Abstract
How artificial environmental cues are biologically integrated and transgenerationally inherited is still poorly understood. Here, we investigate the mechanisms of inheritance of reproductive outcomes elicited by the model environmental chemical Bisphenol A in C. elegans. We show that Bisphenol A (BPA) exposure causes the derepression of an epigenomically silenced transgene in the germline for 5 generations, regardless of ancestral response. Chromatin immunoprecipitation sequencing (ChIP-seq), histone modification quantitation, and immunofluorescence assays revealed that this effect is associated with a reduction of the repressive marks H3K9me3 and H3K27me3 in whole worms and in germline nuclei in the F3, as well as with reproductive dysfunctions, including germline apoptosis and embryonic lethality.

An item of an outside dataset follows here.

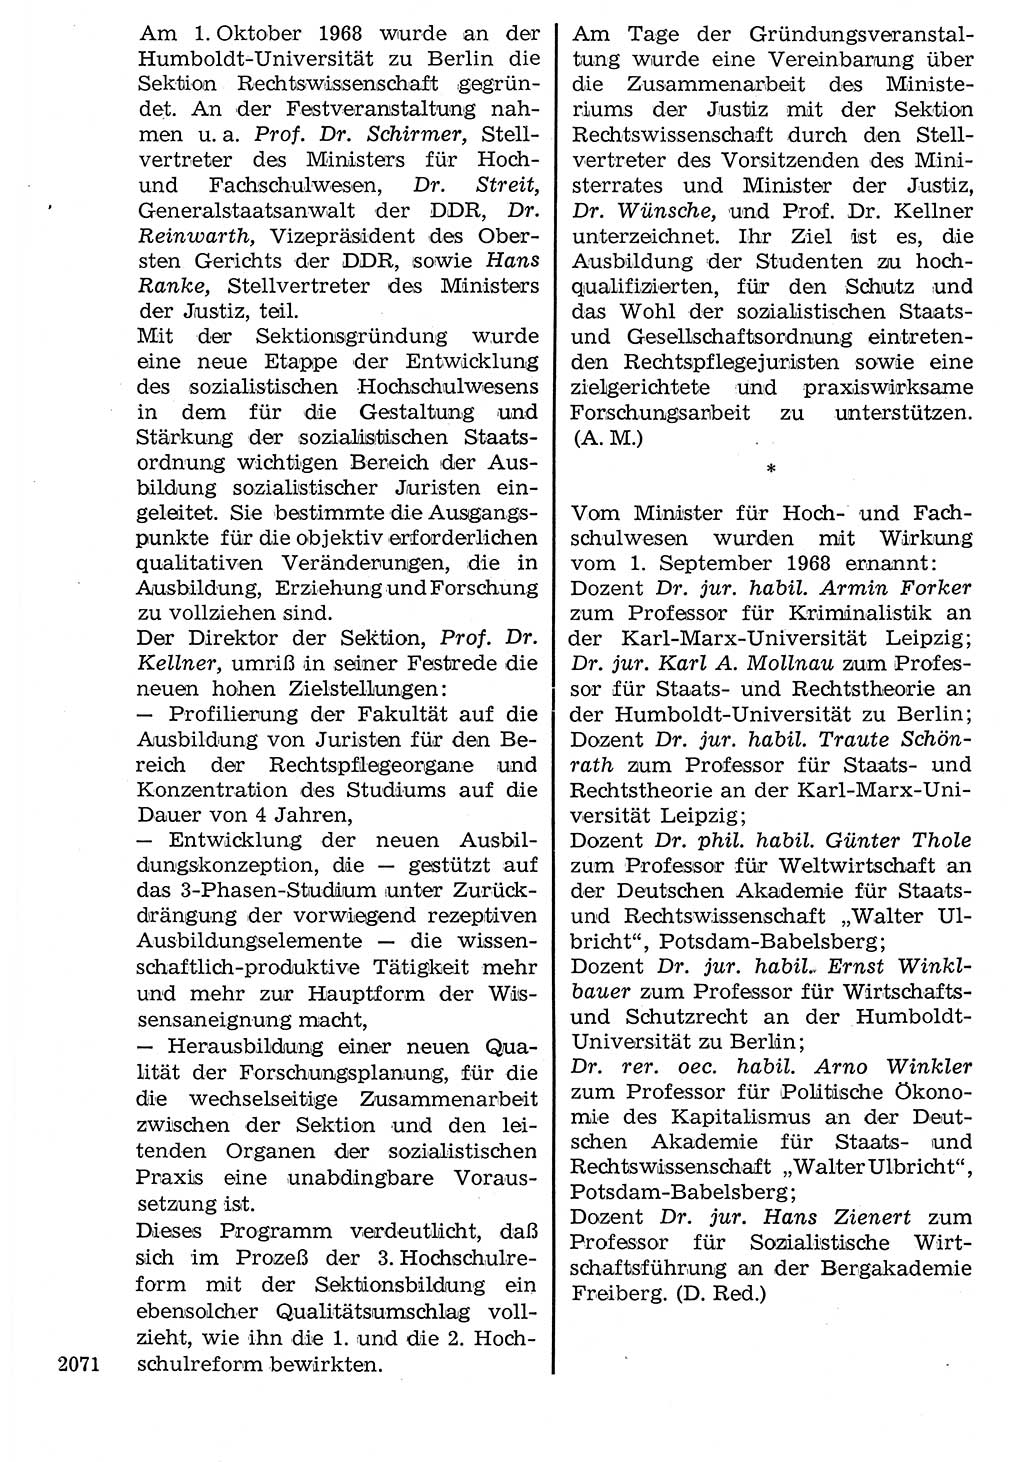 Staat und Recht (StuR), 17. Jahrgang [Deutsche Demokratische Republik (DDR)] 1968, Seite 2071 (StuR DDR 1968, S. 2071)

Furthermore, targeting of the Jumonji demethylases JMJD-2 and JMJD-3/UTX-1 restores H3K9me3 and H3K27me3 levels, respectively, and it fully alleviates the BPA-induced transgenerational effects. Together, our results demonstrate the central role of repressive histone modifications in the inheritance of reproductive defects elicited by a common environmental chemical exposure. Little is known about the mechanisms of inheritance of artificial environmental exposures. Camacho et al. describe the transgenerational reproductive dysfunctions caused by ancestral exposure to the model environmental compound Bisphenol A, and they provide a role for the regulation of repressive histone marks by histone demethylases in this process.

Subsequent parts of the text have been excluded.